The interplay between inflammation and FAOD in the pathogenesis of infection associated encephalopathy

Hiroshi Kido1, Dengfu Yao1,2, Dengbing Yao1,3, Junji Chida1, Min Yao1,3

1Division of Enzyme Chemistry, Institute for Enzyme Research, Tokushima University, Tokushima Japan
2School of Medicine, Affiliated Hospital of Nantong University, Nantong, Jiangsu, P.R. China
3School of Life Sciences, Key Laboratory of Neuroregeneration, Co-innovation Center of

Neuroregeneration, Nantong, Jiangsu, P.R. China

* email: kido@tokushima-u.ac.jp; Tel: +81 88 6337423

Infection-associated encephalopathy, in particular, influenza-associated encephalopathy (IAE) is characterized by persistent high fever, febrile convulsions, severe brain edema, multiple-organ failure and high mortality in otherwise apparently healthy infants. We previously reported that a large proportion of severe IAE patients with transiently elevated serum acylcarnitine ratios (C16:0 + C18:1)/C2 >0.09 during high fever, exhibit a thermolabile phenotype of variants for [1055T>G/F352C] and [1055T>G/F352C] + [1102G>A/V368I] of carnitine palmitoyltransferase II (CPT II), a pivotal component of ATP generation through mitochondrial fatty acid β-oxidation (FAO). The kinetic characteristics of these CPT II variants show typical characteristics: (i) reduced activities due to significantly higher Km values for L-carnitine and lower Vmax values than those of WT CPT II; (ii) thermal instability; and (iii) short half-lives due to accelerated degradation by the proteasome compared with the WT. Since FAO is the major energy source at about 70% of the ATP generation particularly in endothelial cells and the brain capillary endothelium is characterized by a greater density of mitochondria than that of peripheral capillaries, the thermolabile CPT II variants may cause mitochondrial fuel utilization failure during high fever in the brain endothelial cells of IAE patients. Furthermore, pathogen-induced proinflammatory cytokines, such as TNF-α, IL-6, and IL-1β, markedly and selectively up-regulate pyruvate dehydrogenase 4 (PDK4) and reduce pyruvate dehydrogenase activity and glycolysis, resulting in “energy crisis” in various organs including endothelial cells in the brain of IAE infants.
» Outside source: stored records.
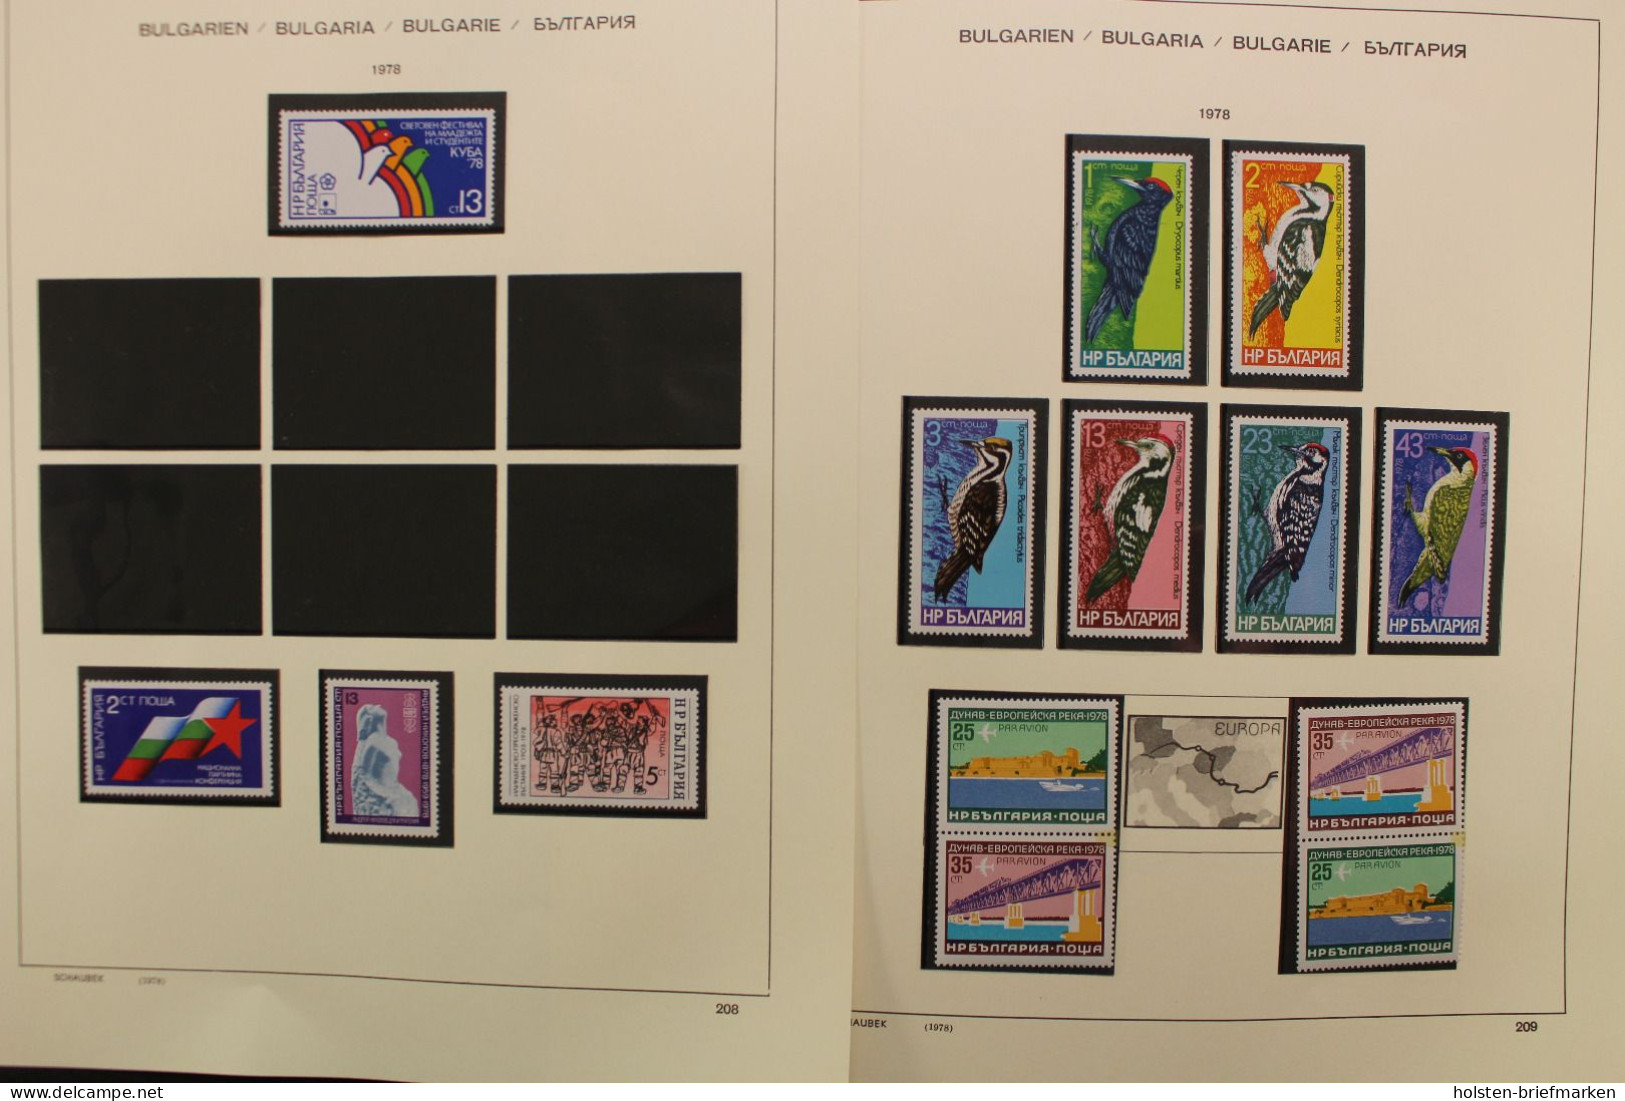 Bulgarien 1945-2000, postfrische Sammlung
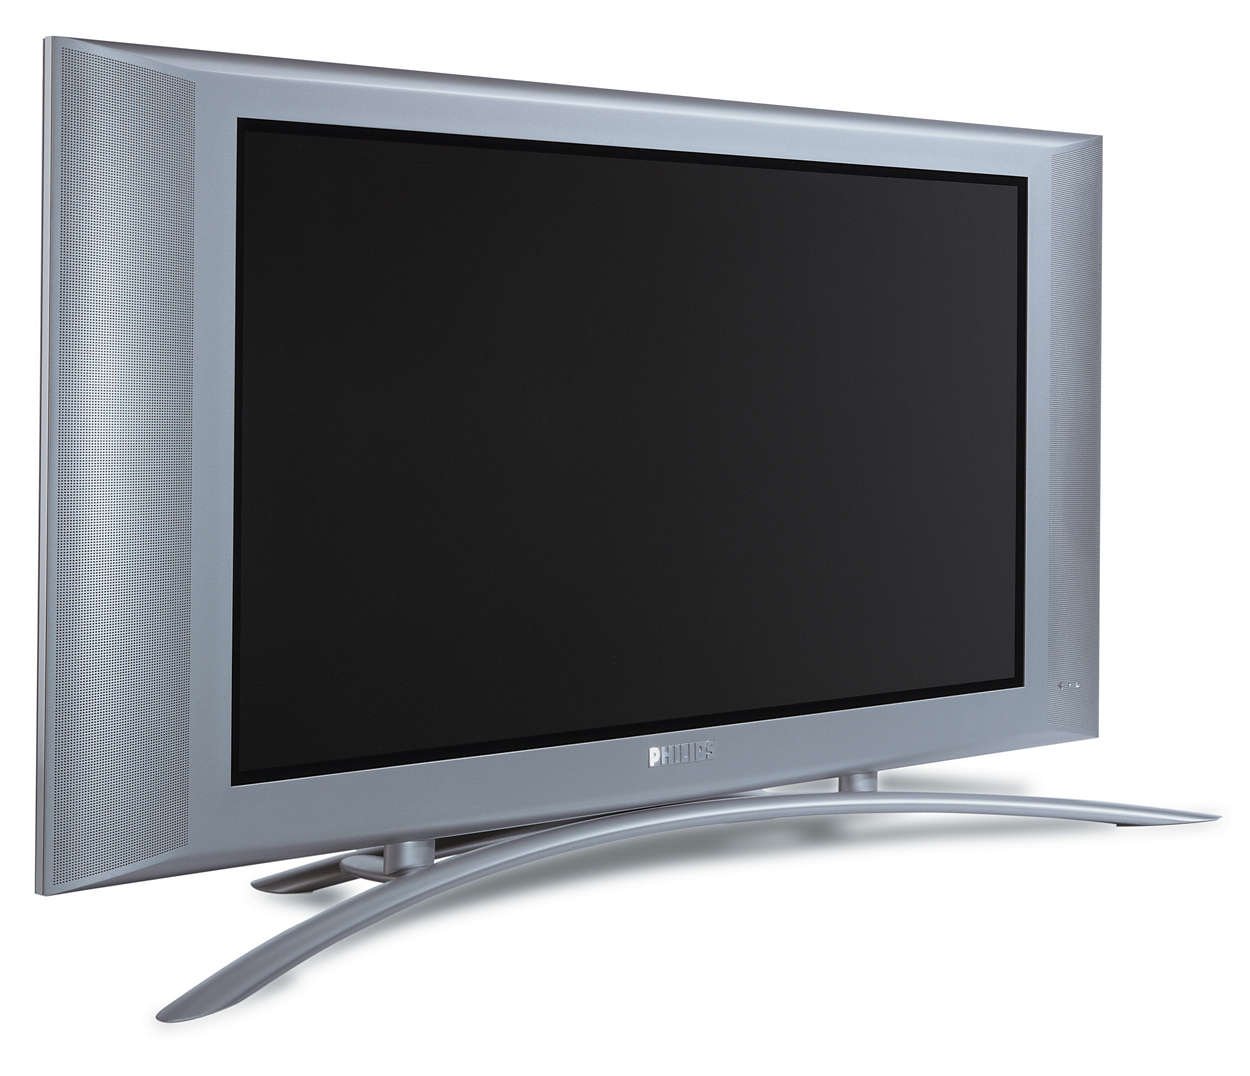 Авито купить телевизор плоский. Телевизор Philips 37fd9944/01s. Philips 32fd9944/01s. Телевизор Филипс 42fd9944/01s. Плазменная панель Philips 37fd9944/01s.
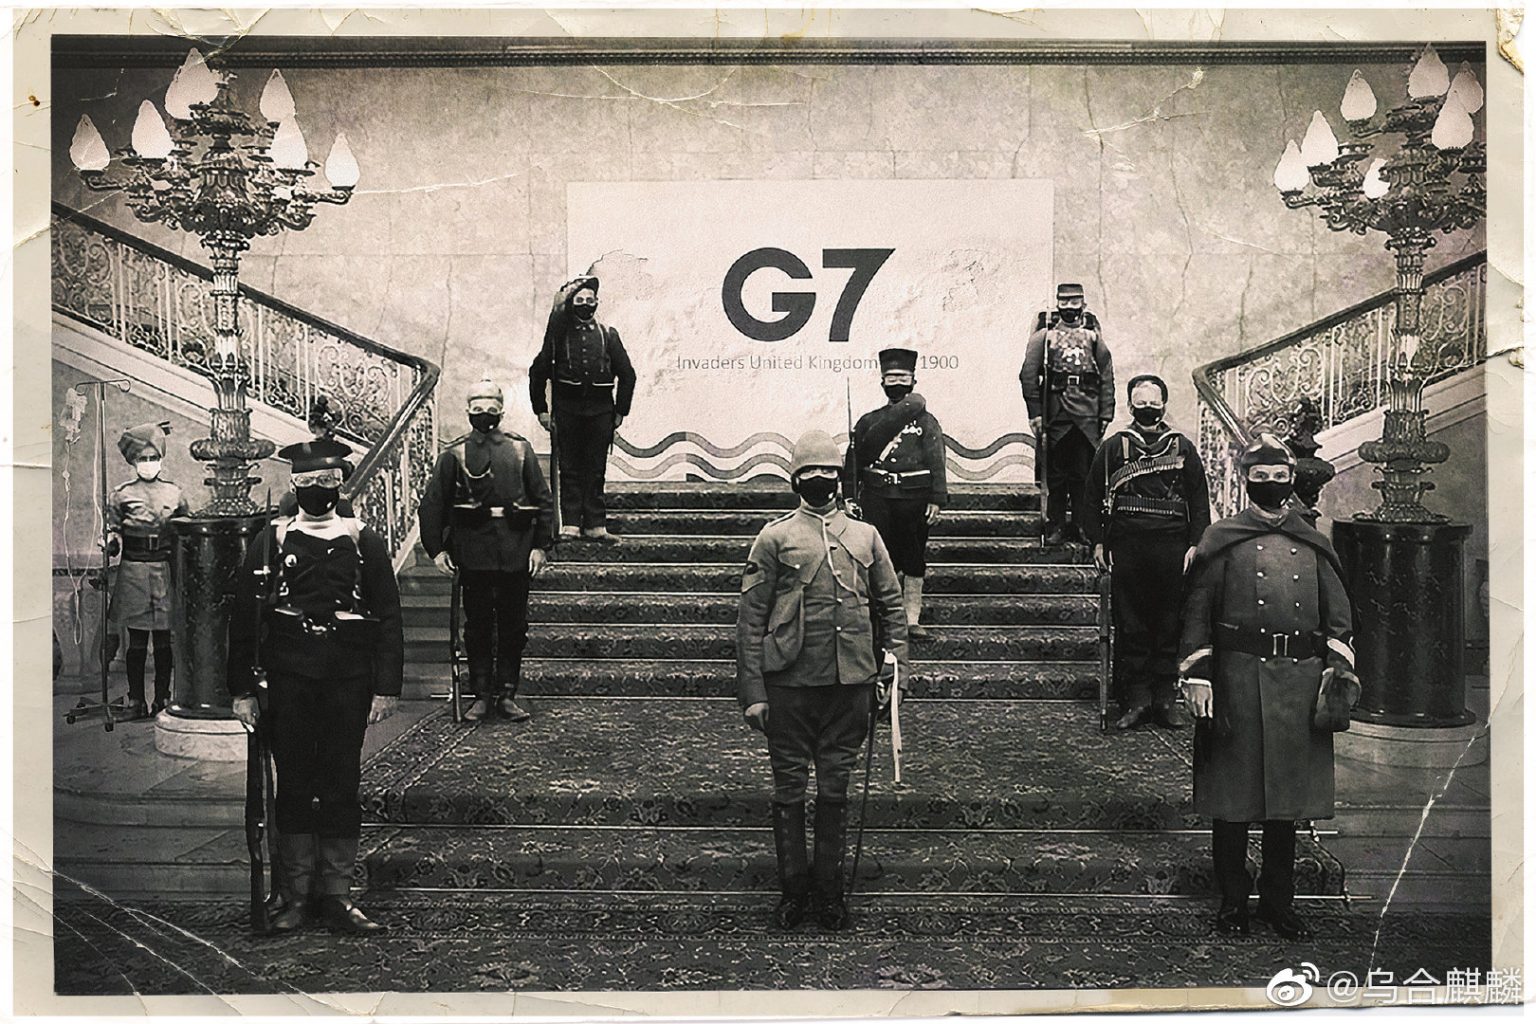 【通常情報戦】中国「戦狼画家」、G7外相らを八カ国連合軍と揶揄　集合写真をパロディ化

The peroxisome proliferator-activated receptors (PPARs) play a critical physiological role as lipid sensors and regulators of lipid metabolism by controlling the expression of specific target genes. Among the PPAR agonists, bezafibrate, a hypolipidemic pan-agonist, stimulates CPT2 gene expression and the enzyme activity. In addition, we recently found diisopropylamine dichloroacetate as a repositioning PDK4 inhibitor. I will discuss bezafibrate and diisopropylamine dichloroacetate as potential therapeutic options for “energy crisis” in IAE infants.

Financial support: We thank NIBO, MEXT and Brain Science from the Ministry of Health, Labor and Welfare of Japan.
Keywords: thermolabile CPT II variants; impaired mitochondrial fuel utilization; acylcarnitine ratio; brain edema; carnitine transporter OCTN2; bezafibrate; PDK4 inhibitor.